Manifestement elle ignorait que j'étais une de ces femmes qui "n'avaient pas bossé toute leur vie", j'étais rentrée à la maison pour m'occuper de toute l'intendance et des enfants, pendant treize ans j'aurais ainsi "glandé" ! Elle ignorait aussi ma condition de femme trahie et qui avait repris sa vie en main, avant que mon connard-de-futur-ex-mari-menteur-manipulateur-traitre-lâche se fasse la malle pour, lui aussi, "vivre sa vie" ! Mas elle ignorait surtout de quel bois je suis faite ... la belle Agnès n'allait pas tarder à s'en apercevoir !
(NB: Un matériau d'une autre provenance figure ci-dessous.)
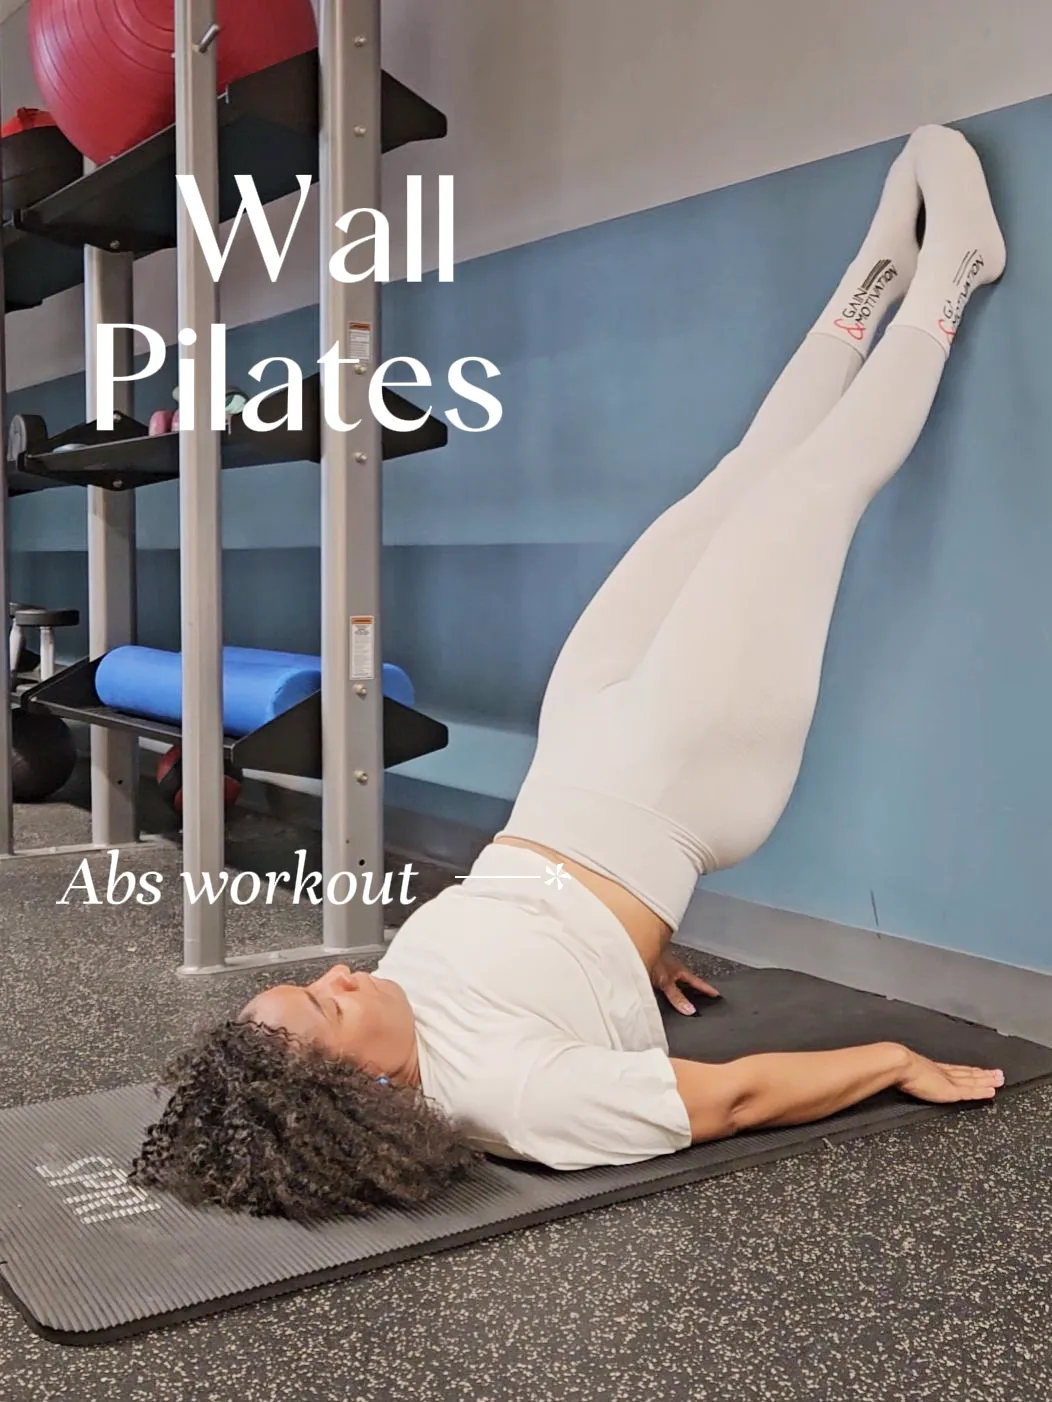 Why Is Wall Pilates So Effective? - BetterMe
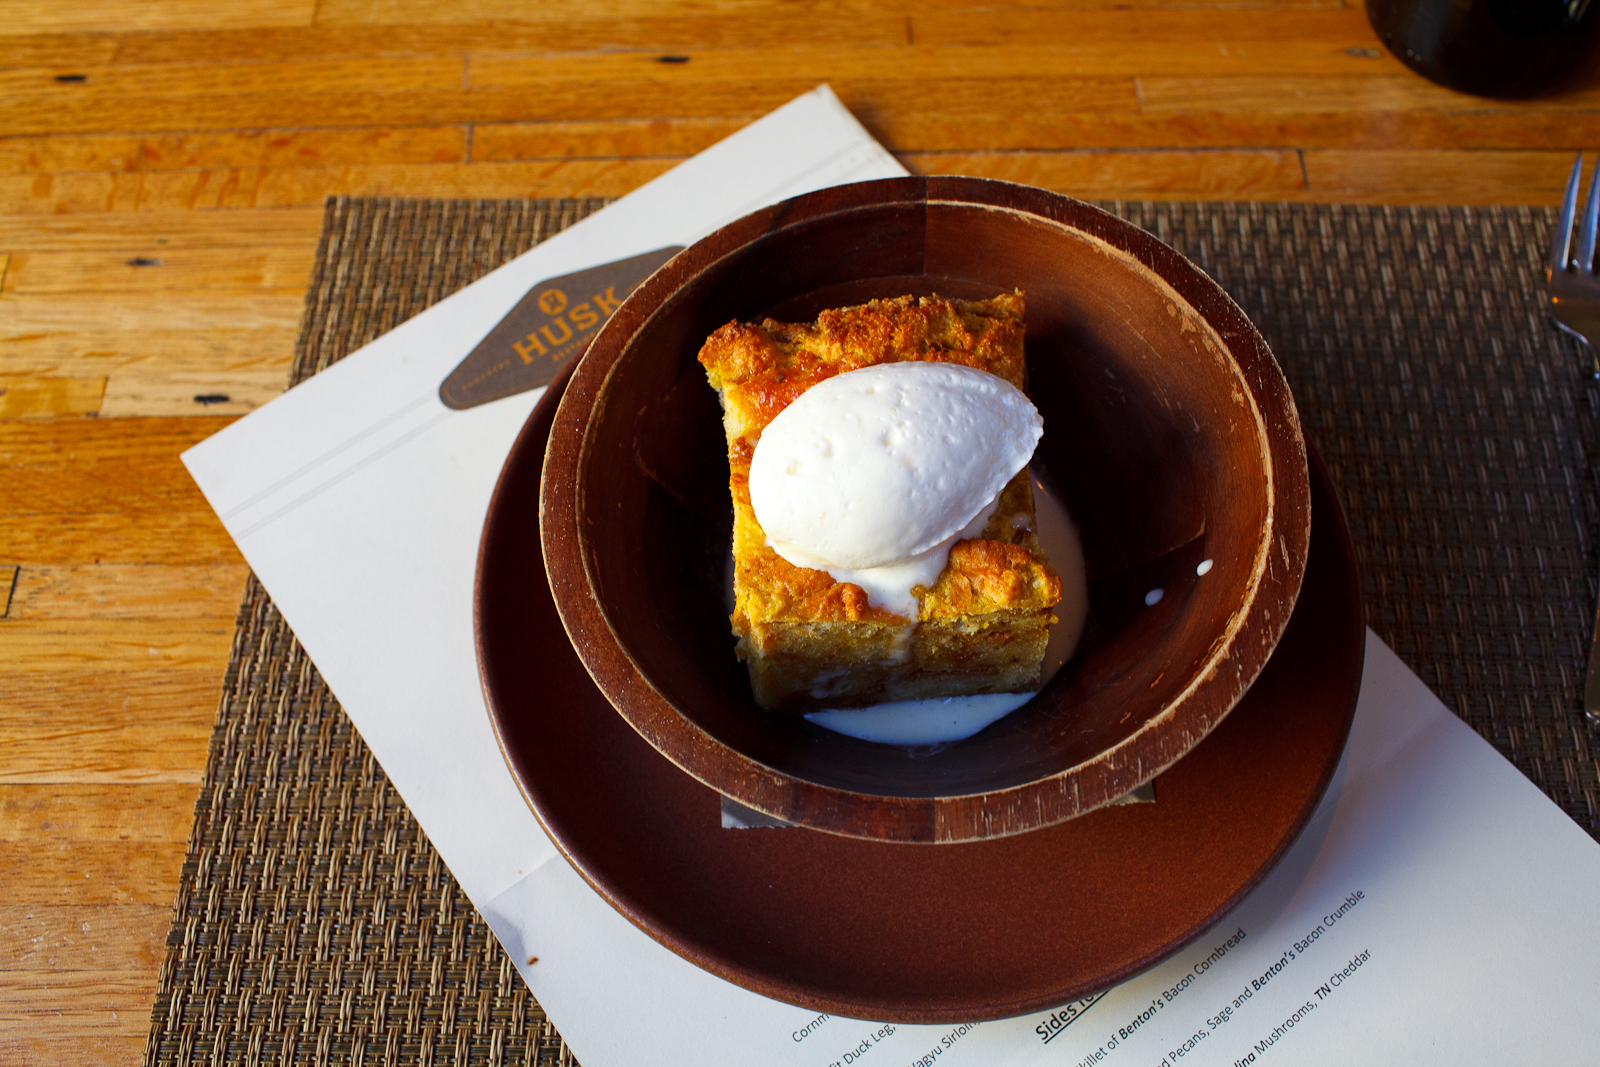 Heirloom pumpkin bread pudding, ginger anglaise ($7)

Très succinctement, et calmement, je lui ai raconté ma vie, ma séparation, les tenants et les aboutissants. Je l'ai fait sans larmes et sans drames, juste en disant la vérité et mes amis en étaient témoins. Agnès me regardait effarée, comme si un crime avait été commis et avec une tendance toute particulière à m'accuser du supposé crime ... Quand j'ai fini elle m'a juste dit :
- J'espère que la copine de mon chéri ne se doute de rien, si elle faisait comme toi ce serait terrible !
- En quoi ce serait terrible ? Tu ne crois pas qu'elle a le droit de se défendre ? Peut-être tu penses que j'ai commis un crime de "lèse-majesté" !? Ai-je lâché - Et elle de me répondre :
- Ben tu ne lui as laissé aucune chance !!!
Du coup c'est moi qui ai du avoir un regard effaré car elle a tout à coup donné l'impression d'être très mal à l'aise ... Je n'ai pas pu m'empêcher de répondre :
- Je lui ai laissé la chance d'être honnête et il ne l'a pas saisie, alors j'ai fait ce que je devais faire sinon ce serait moi qui n'aurait plus aucune chance de vivre et je n'en demande pardon ni à lui ni à personne ! Nan mého !!!

La pintade commençait à me gonfler sérieusement !!!

Ainsi, si j'ai tout bien compris, quand une pintade arrive dans la vie d'un queutard, "l'officielle" devrait s'effacer complètement pour leur laisser le champ libre, elle ne devrait pas faire de vagues, pas se révolter et, au mieux, devrait aller vivre sous les ponts pour que les deux premiers se vautrent dans le sexe et le bien-être, et puis quoi encore ???

Agnès se faisait de plus en plus petite, les mots lui manquaient, les convives restaient silencieux mais amusés car, pour la plupart, ils me connaissaient et savaient parfaitement par où j'étais passée pour en arriver où je suis. Pourtant Agnès cherchait de l'aide dans leurs yeux, histoire d'avoir raison, au moins un peu.

J'ai continué sur ma lancée et lui ai dit que s'ils étaient si amoureux il fallait au moins que son amant soit honnête vis-à-vis de sa compagne, il me semble que c'est le minimum, j'ai suggéré le courage pour faire face et afin que cette femme qui, apparemment, ignore tout souffre le moins possible ; sans oublier leurs enfants communs !

Agnès n'a plus rien dit, elle s'est murée dans le silence avec une moue boudeuse ... et dire qu'elle a 50 ans !!!



"L'épithète doit être la maitresse du substantif, jamais sa femme légitime."